A preliminary productivity report released Thursday by the Bureau of Labor Statistics showed U.S. non-farm productivity increased in Q4’08 at a 3.2% annual rate from the 1.5% increase in the previous quarter. It is the largest decline in output since the first quarter of fiscal 1982 (-8.6%). Reports of persisting economic distress continue to further dampen consumer confidence, shrink revenues and push companies to reduce working hours. The Labor Dept. said output for the non-farm business sector declined 5.5% and hours fell 8.4%.
In the manufacturing sector which continues to suffer, productivity in Q4 declined for the third consecutive quarter at a 3.0% annual rate with the decline concentrated in the durable goods sector. Productivity in durables dropped 13.4%, as output fell 26.1% and hours declined 14.7%. These were the largest decreases in output per hour since second quarter of fiscal 1987.
For FY2008, productivity rose 2.8%, the highest since a matching rate set in 2004, the preliminary report showed.

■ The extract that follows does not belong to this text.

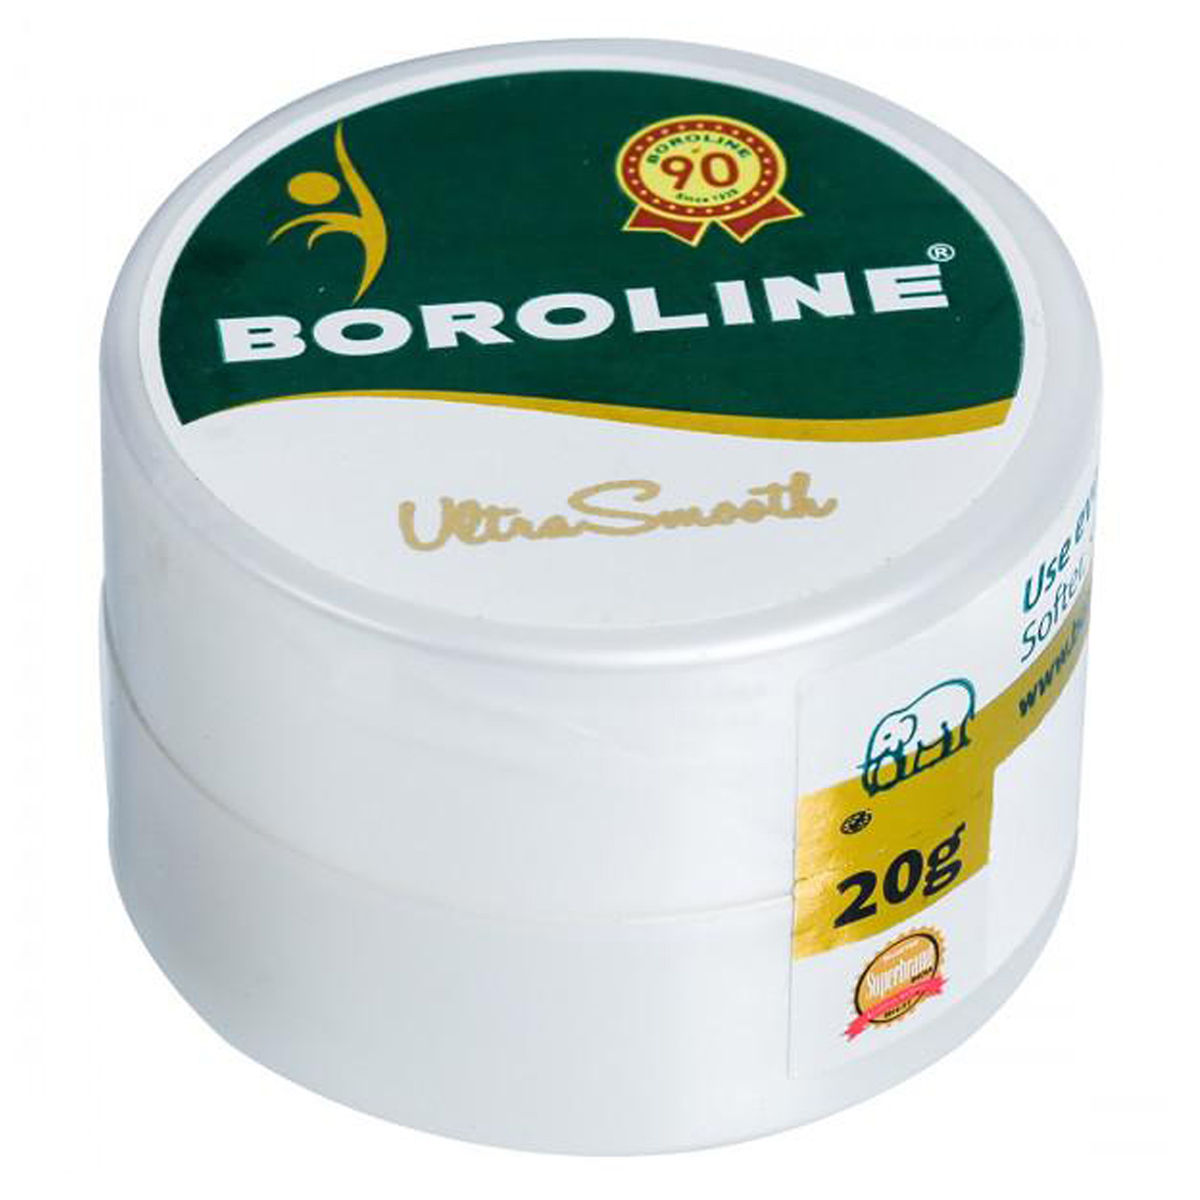 Boroline Cream, 40 gm Price, Uses, Side Effects, Composition - Apollo  Pharmacy

Meanwhile, unit labor costs, which relate hourly compensation to output per hour and are considered a gauge of inflation and profit pressures, increased 1.8% in the forth quarter and 0.7 percentage points over the last four quarters.
The number of hours of all persons–employees, proprietors, and unpaid family workers ; fell more, 8.4% (seasonally adjusted annual rates) during the forth quarter, the lowest since the first quarter of fiscal 1975.
Needless to say a very weak Q4 fiscal 2008 productivity report, with a workforce that continues to become less-efficient. It is certainly beyond contention at this point, that the ongoing U.S. financial crisis is severe by any metric.